Task prompt: Reproduce exactly the lines of this material that begin at the line with "オリジナル紙袋製作の際に選択" and end at the line with "Les libéraux demandent", both included. Omit the pictures and everything else.

Given information:

+--

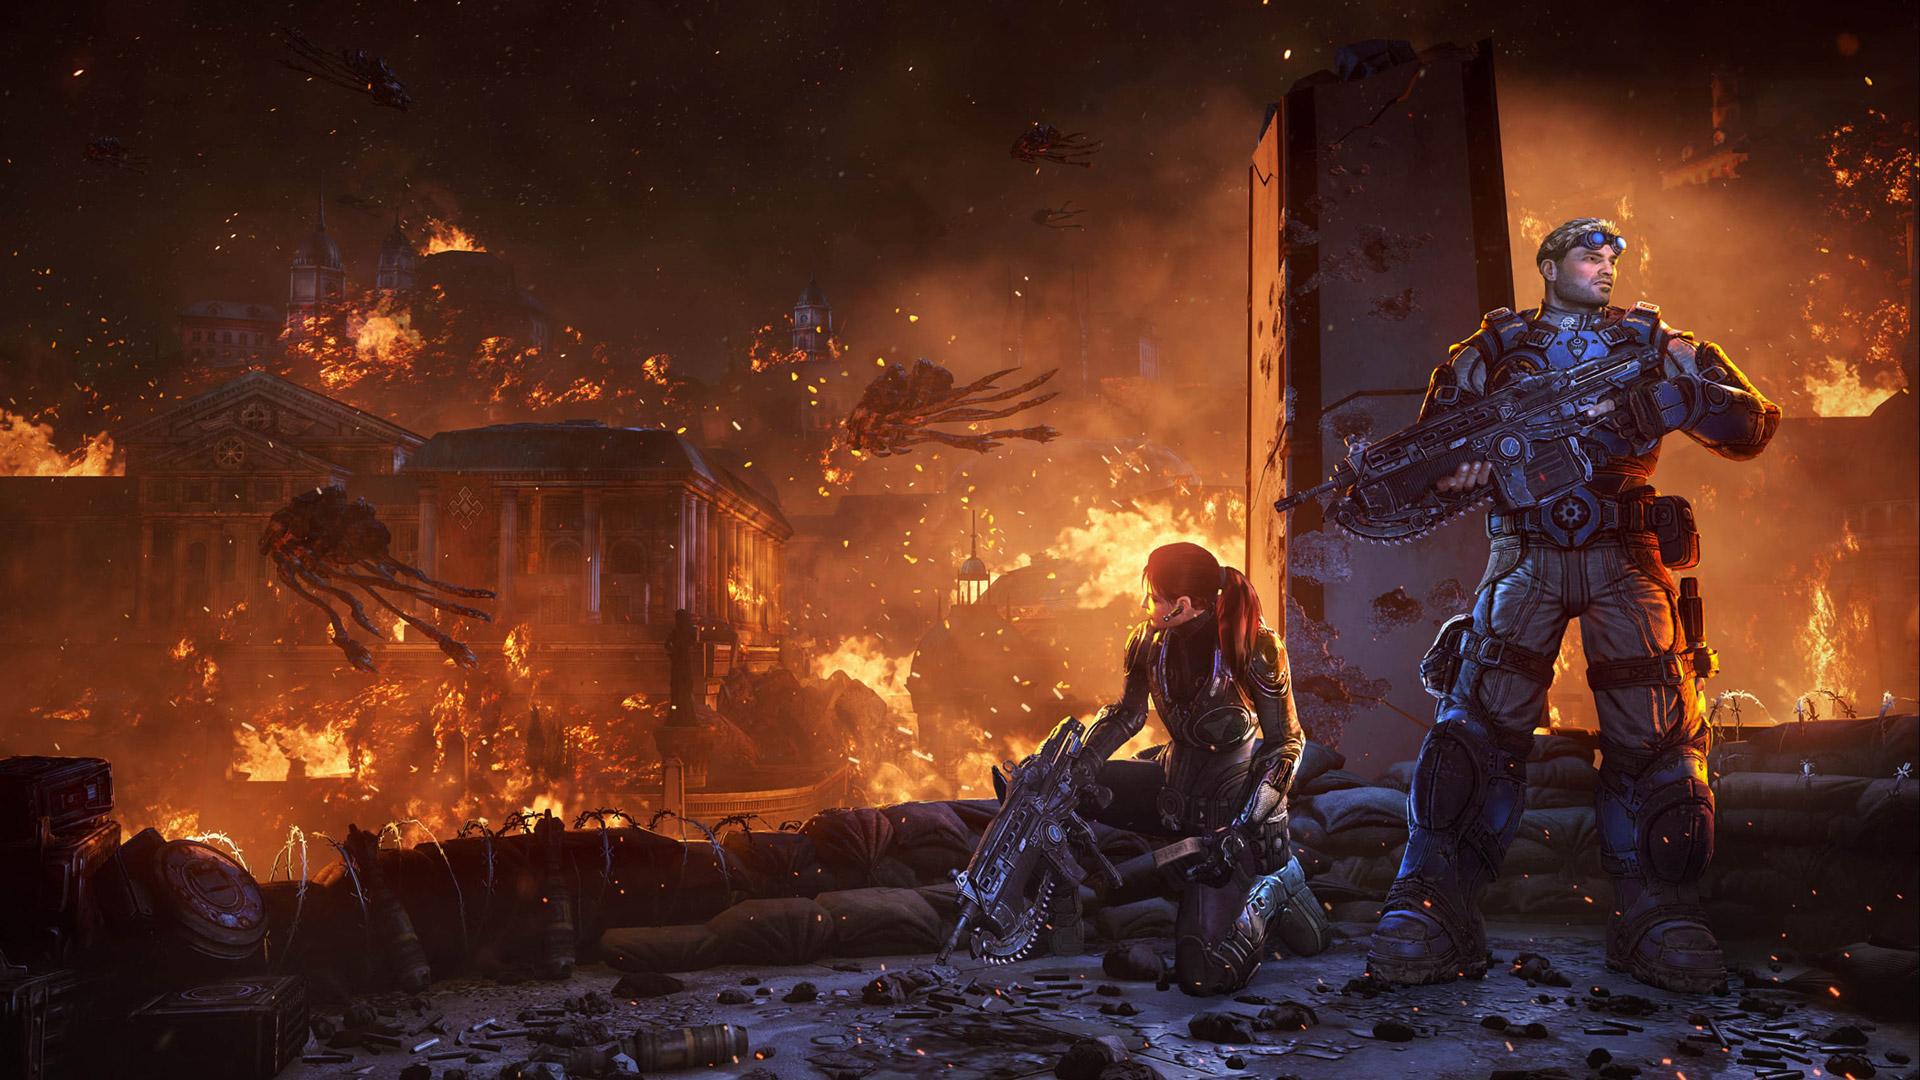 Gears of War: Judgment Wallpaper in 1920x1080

+--

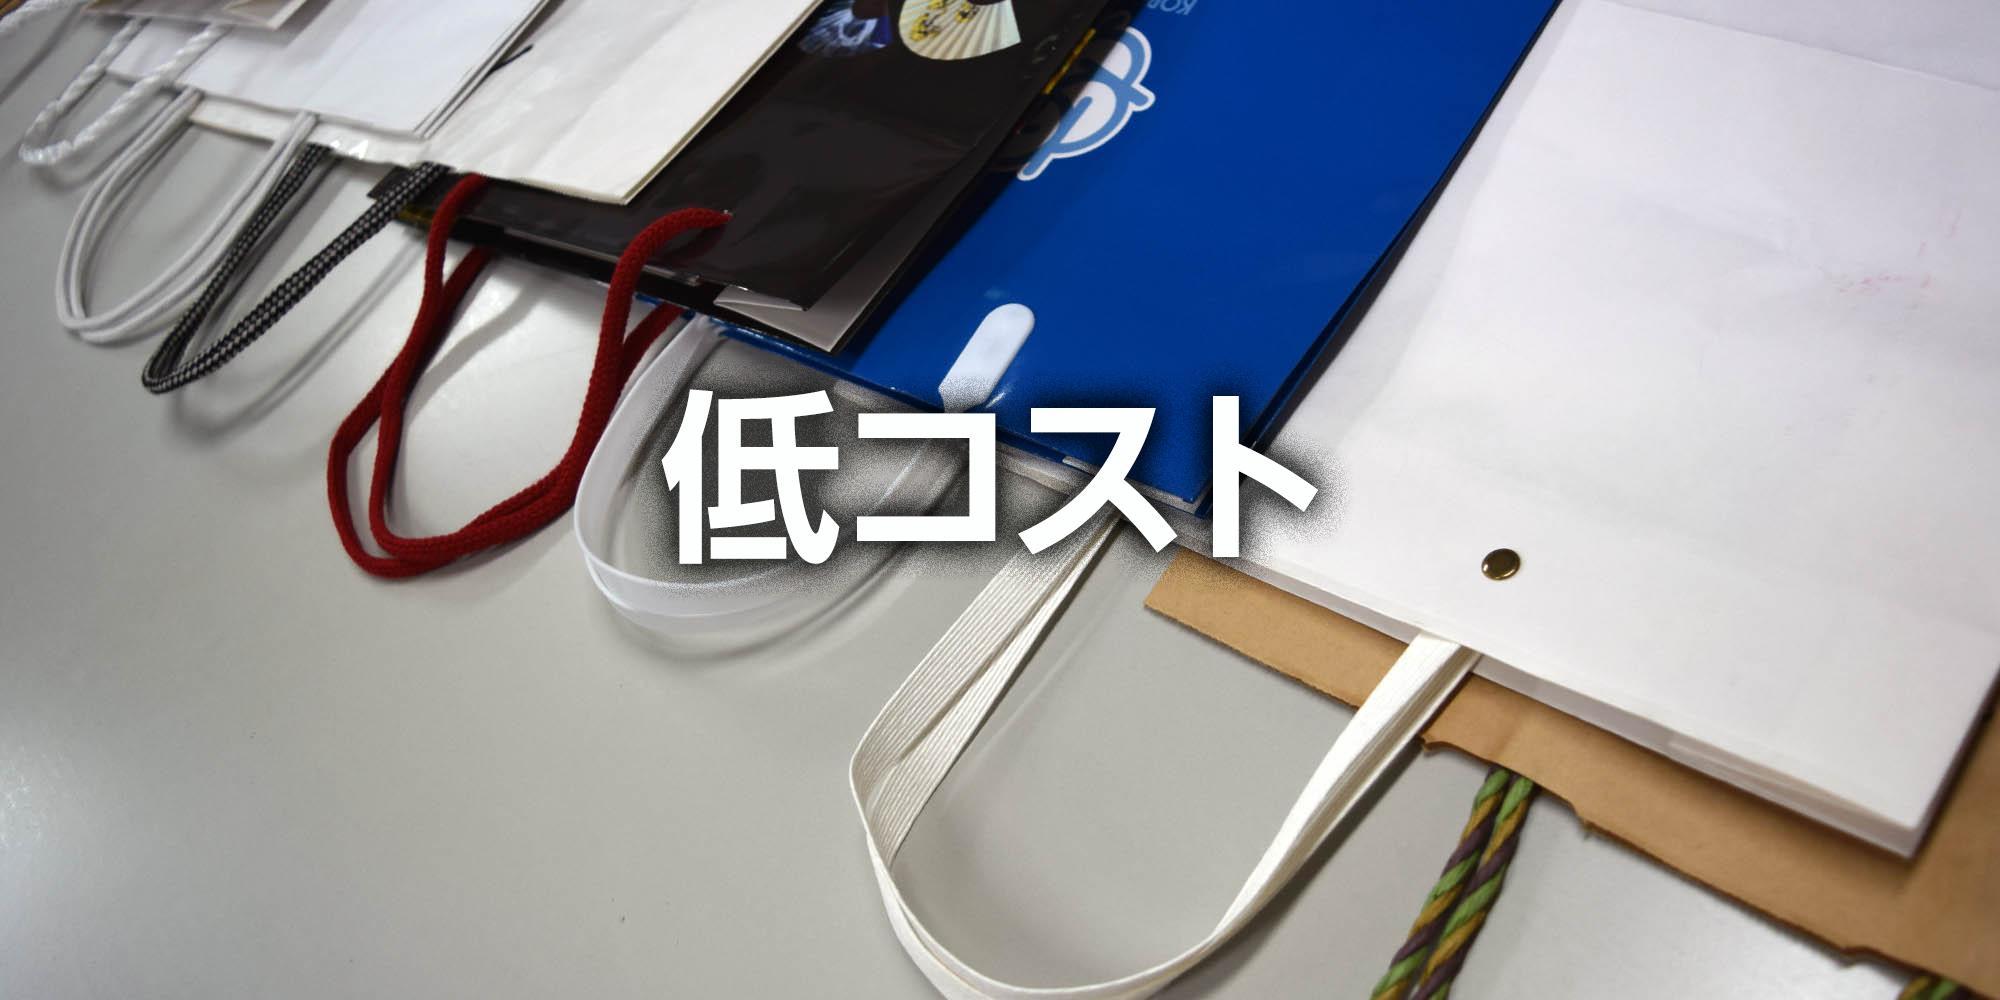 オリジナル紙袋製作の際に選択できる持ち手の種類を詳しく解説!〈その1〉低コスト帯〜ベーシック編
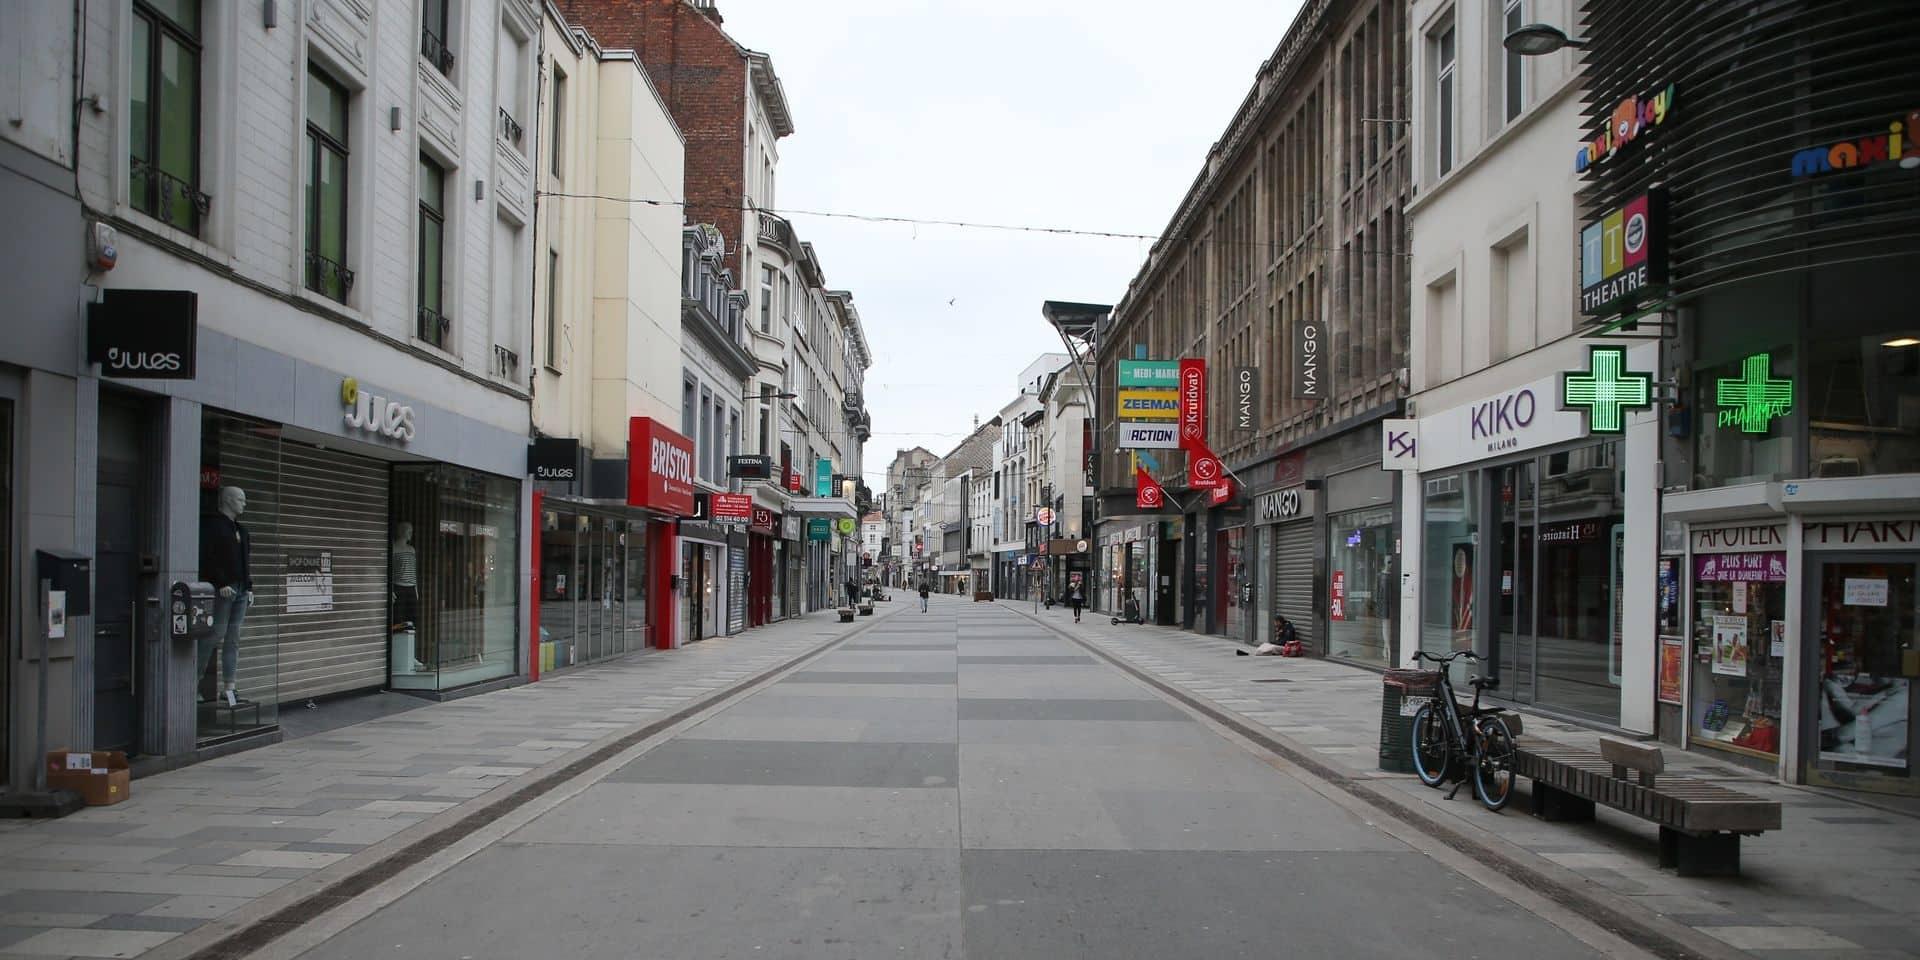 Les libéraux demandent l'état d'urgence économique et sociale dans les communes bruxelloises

+--

Task answer:
 オリジナル紙袋製作の際に選択できる持ち手の種類を詳しく解説!〈その1〉低コスト帯〜ベーシック編
 Les libéraux demandent l'état d'urgence économique et sociale dans les communes bruxelloises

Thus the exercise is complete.